-- DIRECTIONS --
Search the listing for the word "Banque" and return each line that contains it.

-------- RECORDS --------

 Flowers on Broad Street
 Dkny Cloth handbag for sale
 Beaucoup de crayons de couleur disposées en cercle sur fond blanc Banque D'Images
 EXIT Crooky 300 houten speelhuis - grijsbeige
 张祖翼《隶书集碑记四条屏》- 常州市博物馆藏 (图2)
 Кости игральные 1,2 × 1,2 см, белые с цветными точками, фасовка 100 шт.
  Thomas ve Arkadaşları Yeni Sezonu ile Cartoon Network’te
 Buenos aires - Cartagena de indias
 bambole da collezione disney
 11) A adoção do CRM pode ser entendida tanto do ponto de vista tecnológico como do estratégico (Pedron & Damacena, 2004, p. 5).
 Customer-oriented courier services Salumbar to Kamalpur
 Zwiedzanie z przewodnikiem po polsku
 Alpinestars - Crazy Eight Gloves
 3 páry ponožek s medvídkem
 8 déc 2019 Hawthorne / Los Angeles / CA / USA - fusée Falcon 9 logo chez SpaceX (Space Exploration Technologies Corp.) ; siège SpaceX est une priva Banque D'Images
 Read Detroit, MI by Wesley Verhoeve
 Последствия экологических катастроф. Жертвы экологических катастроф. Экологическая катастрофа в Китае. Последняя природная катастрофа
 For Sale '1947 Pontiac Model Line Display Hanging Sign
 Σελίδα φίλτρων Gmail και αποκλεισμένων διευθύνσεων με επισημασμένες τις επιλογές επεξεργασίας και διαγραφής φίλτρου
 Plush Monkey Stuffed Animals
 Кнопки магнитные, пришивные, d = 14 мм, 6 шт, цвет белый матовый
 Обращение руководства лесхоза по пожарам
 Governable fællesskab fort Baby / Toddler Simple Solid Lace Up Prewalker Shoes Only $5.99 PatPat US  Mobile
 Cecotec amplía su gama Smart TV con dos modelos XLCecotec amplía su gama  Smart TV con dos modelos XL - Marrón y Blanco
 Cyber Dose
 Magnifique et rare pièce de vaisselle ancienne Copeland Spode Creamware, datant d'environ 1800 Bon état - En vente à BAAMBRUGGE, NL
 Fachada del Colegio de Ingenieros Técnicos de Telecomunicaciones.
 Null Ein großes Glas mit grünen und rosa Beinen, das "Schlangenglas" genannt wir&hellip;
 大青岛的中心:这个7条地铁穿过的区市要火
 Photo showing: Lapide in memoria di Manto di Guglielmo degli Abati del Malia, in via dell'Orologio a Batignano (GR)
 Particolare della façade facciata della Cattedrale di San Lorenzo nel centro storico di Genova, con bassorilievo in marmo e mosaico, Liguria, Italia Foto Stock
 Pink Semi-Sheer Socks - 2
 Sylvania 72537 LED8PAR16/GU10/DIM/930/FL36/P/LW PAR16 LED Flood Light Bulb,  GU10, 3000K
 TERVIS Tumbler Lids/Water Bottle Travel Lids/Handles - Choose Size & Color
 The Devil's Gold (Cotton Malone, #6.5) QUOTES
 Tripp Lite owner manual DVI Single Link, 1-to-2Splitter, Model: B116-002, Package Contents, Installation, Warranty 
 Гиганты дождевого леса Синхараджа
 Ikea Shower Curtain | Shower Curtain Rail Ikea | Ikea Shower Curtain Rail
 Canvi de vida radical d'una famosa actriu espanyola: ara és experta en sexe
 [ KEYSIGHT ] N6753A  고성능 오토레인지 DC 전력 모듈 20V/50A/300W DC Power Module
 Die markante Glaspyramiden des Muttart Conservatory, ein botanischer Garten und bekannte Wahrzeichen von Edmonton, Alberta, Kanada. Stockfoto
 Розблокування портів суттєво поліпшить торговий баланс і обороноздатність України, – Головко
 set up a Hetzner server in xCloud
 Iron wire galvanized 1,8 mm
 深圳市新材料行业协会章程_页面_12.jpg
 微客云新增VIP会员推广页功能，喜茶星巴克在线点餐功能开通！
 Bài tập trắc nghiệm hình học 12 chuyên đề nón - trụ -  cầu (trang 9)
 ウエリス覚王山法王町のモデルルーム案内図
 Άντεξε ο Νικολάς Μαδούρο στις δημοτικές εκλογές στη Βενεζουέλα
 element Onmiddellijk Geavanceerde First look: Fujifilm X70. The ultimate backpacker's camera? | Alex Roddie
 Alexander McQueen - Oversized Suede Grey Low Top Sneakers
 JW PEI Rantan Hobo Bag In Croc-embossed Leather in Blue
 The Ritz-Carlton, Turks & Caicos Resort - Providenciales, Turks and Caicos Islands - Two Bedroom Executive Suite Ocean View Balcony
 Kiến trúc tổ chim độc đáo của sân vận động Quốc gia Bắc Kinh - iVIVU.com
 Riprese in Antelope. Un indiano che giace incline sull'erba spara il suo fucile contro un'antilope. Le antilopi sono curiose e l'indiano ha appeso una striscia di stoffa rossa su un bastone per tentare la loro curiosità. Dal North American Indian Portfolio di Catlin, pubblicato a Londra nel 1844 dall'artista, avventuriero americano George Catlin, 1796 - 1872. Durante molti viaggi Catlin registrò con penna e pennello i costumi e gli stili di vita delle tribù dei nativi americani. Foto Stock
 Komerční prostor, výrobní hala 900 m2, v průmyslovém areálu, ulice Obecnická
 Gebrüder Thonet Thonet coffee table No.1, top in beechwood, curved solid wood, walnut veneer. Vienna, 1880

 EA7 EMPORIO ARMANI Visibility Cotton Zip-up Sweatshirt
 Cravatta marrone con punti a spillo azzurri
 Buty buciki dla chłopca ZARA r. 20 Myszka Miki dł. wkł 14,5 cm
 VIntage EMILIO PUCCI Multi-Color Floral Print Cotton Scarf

--------

-- RESULT OF THE TASK --
 Beaucoup de crayons de couleur disposées en cercle sur fond blanc Banque D'Images
 8 déc 2019 Hawthorne / Los Angeles / CA / USA - fusée Falcon 9 logo chez SpaceX (Space Exploration Technologies Corp.) ; siège SpaceX est une priva Banque D'Images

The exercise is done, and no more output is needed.